Additionally, I also checked for convergence by using Markov Chain Monte Carlo diagnostics. The models consisted of four sampling chains which explore the posterior distribution from random starting locations. The split \(\hat{R}\) (“R-hat”) diagnostic checks how well the sampling chains mix together (Gelman et al., 2014, p. 285; Stan Development Team, 2017, p. 371). If the chains are stuck in their own neighborhoods of the parameter space, then the values sampled in each chain will not mix very well. The split designation means that each chain is first split in half so that the also diagnostic checks for within-chain mixing. At convergence \(\hat{R}\) equals 1, so a rule of thumb is that \(\hat{R}\) should be less than 1.1 (e.g., Gelman et al., 2014, p. 285). In the bayesplot package (Gabry & Mahr, 2018), we use the convention that values below 1.05 are good and values above 1.05 but below than 1.1 are okay.
The other diagnostic I monitored was the number of effective samples. If we think of a sampling chain as exploring a parameter space, then the samples form a random walk with each step being a movement from an earlier location. This situation raises the risk of autocorrelation where neighboring sampling steps within a chain are correlated with each other. The number of effective samples (“n eff.”) diagnostic estimates the number of posterior samples, taking into account sampling autocorrelation (Gelman et al., 2014, p. 285; Stan Development Team, 2017, p. 373).
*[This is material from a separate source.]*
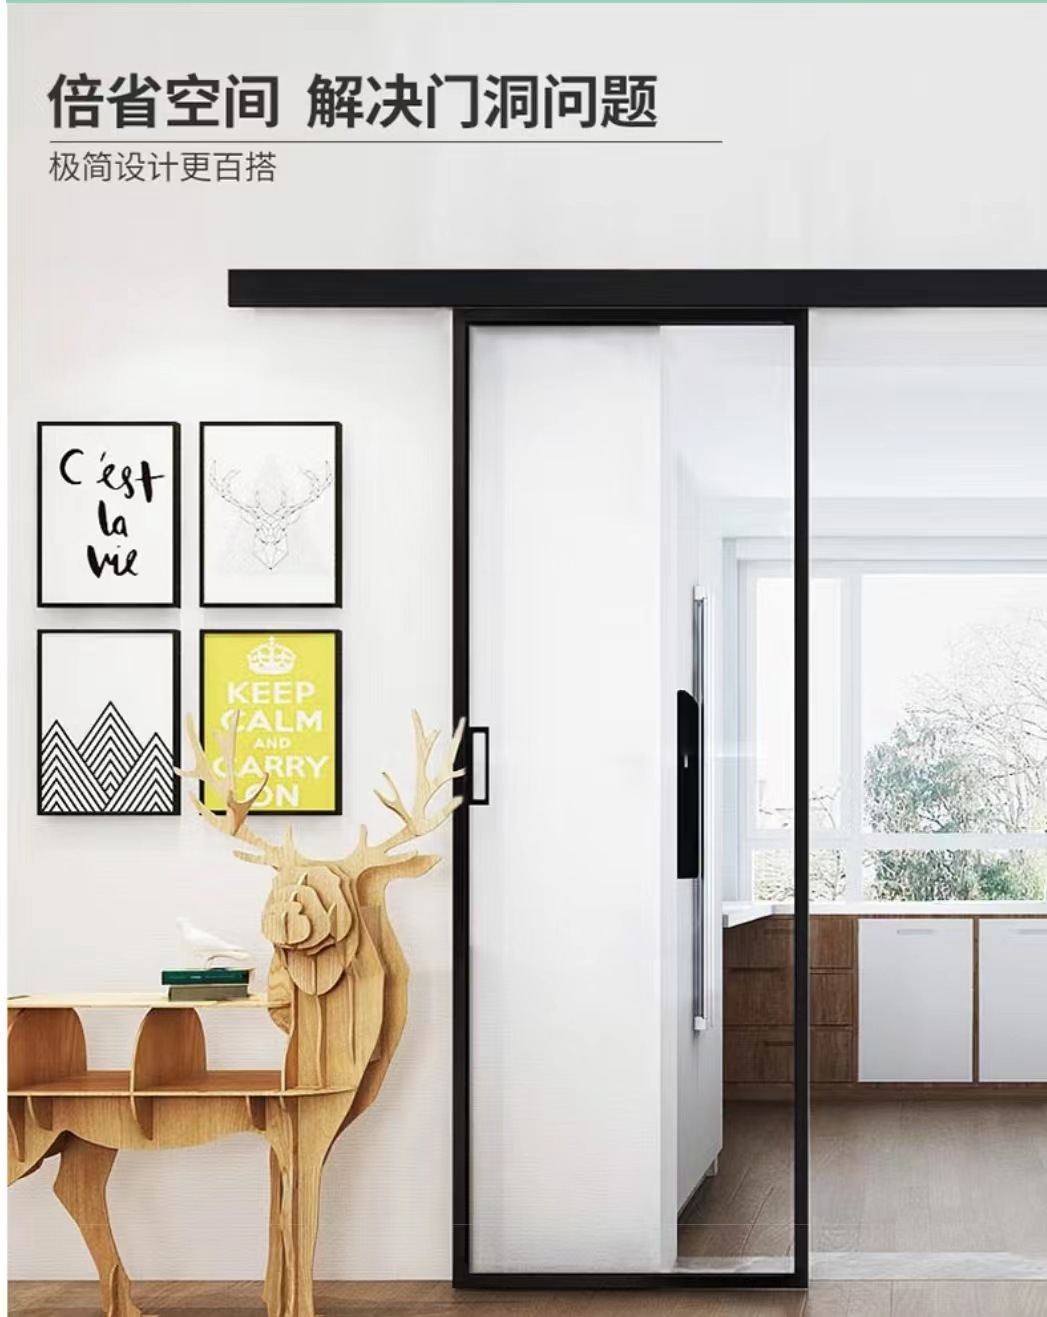 戴伦室内设计 - 香港典型小户型现代简约风格经典作品_太平洋家居网整屋案例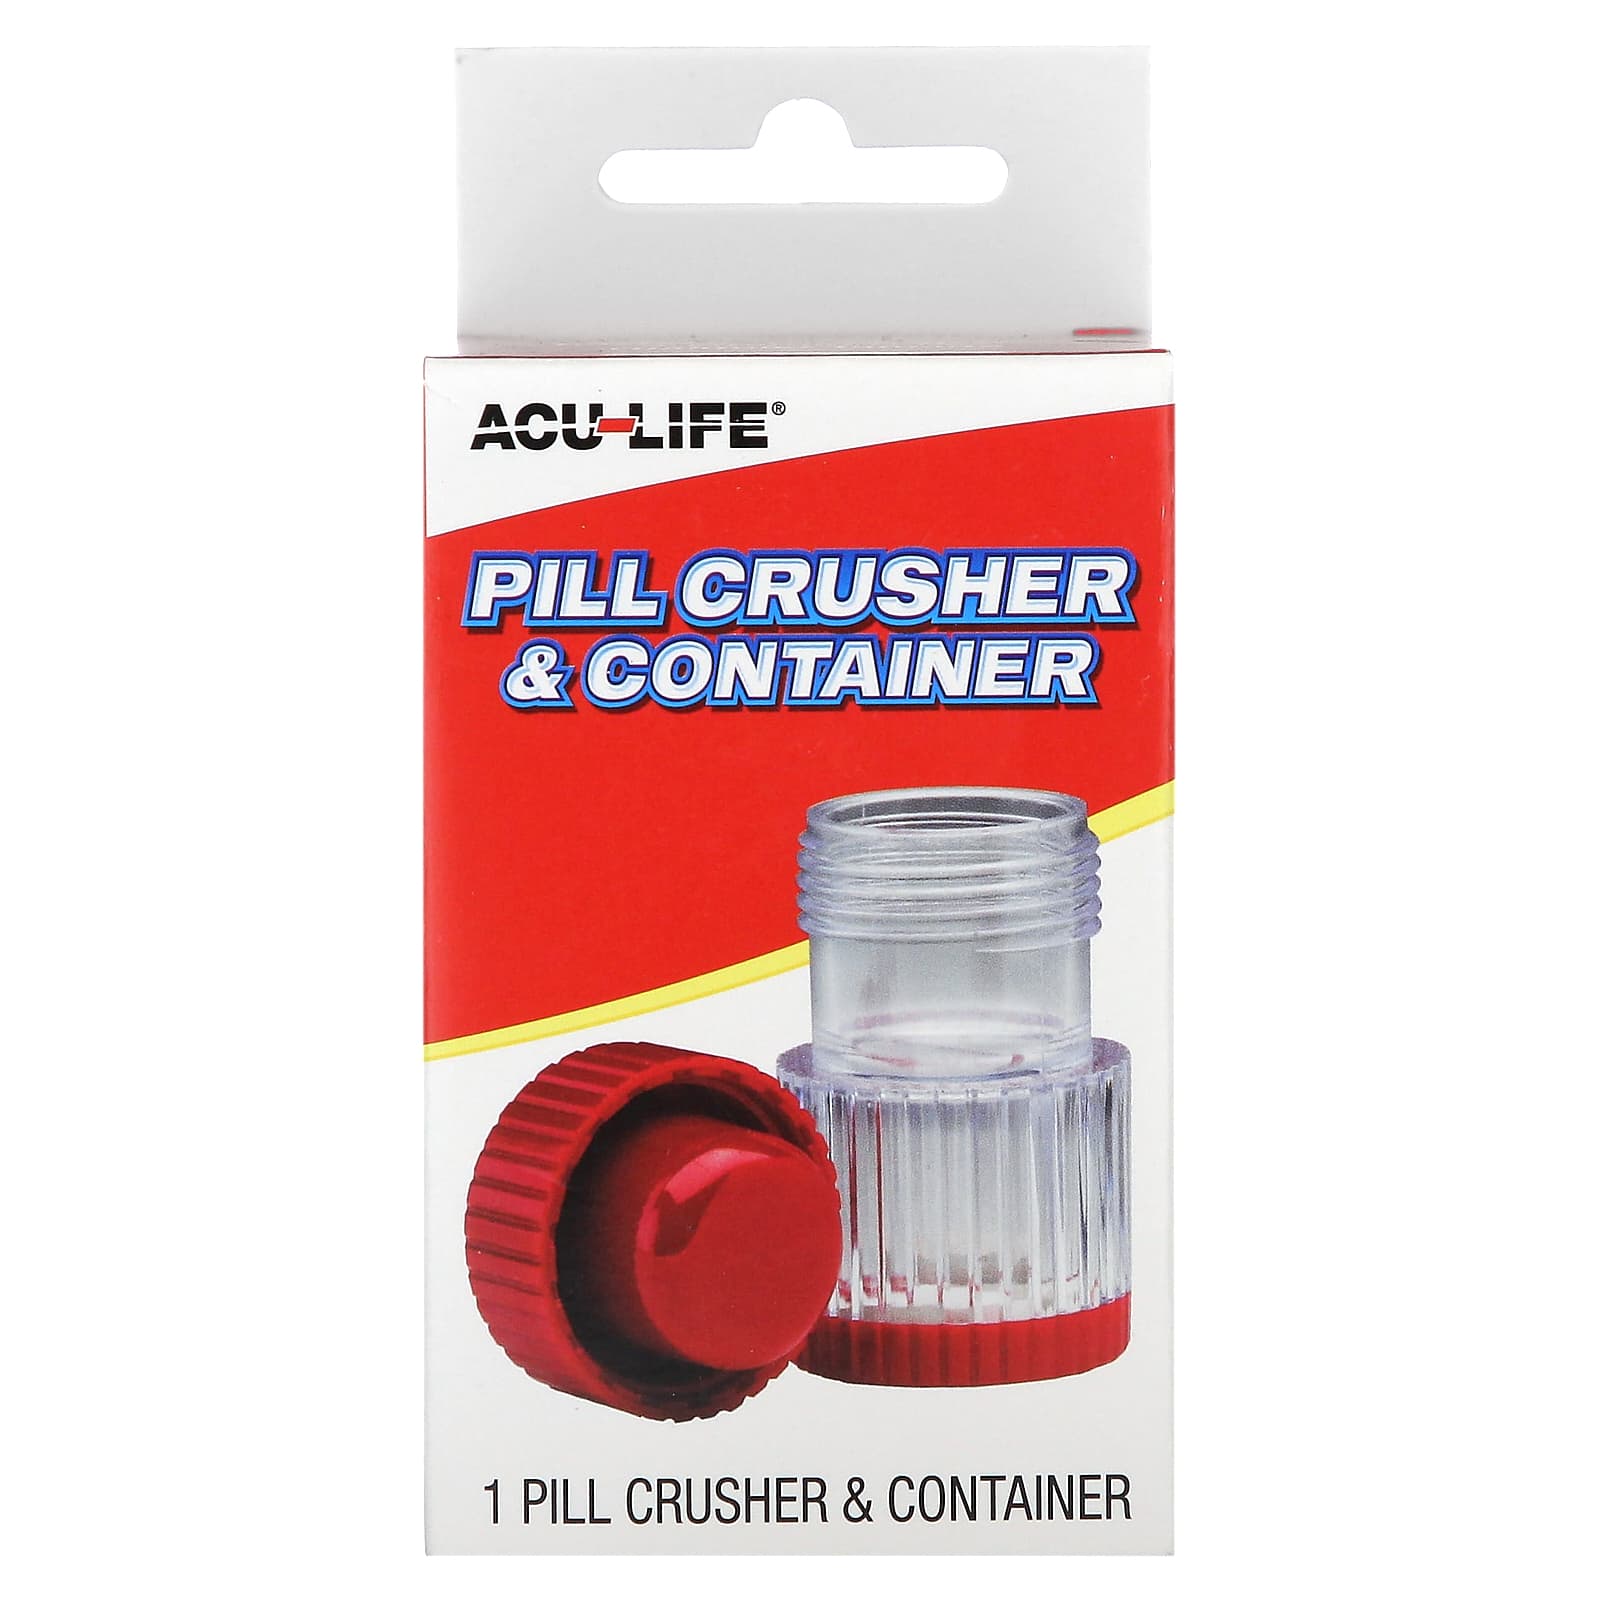 Triturador de pastillas PillCrusher profesional

The square root of this number is used to calculate Monte Carlo standard error statistics (e.g., Gelman et al., 2014, p. 267), so I think of the number of effective samples as the amount of precision available for a parameter estimate. Interpreting this statistic depends on the quantity being estimated and the amount of precision desired. As a rule of thumb, Gelman et al. (2014) mentions 10 effective samples per chain as a baseline for diagnosing non-convergence: “Having an effective sample size of 10 per sequence should typically correspond to stability of all the simulated sequences. For some purposes, more precision will be desired, and then a higher effective sample size threshold can be used. [p. 287]”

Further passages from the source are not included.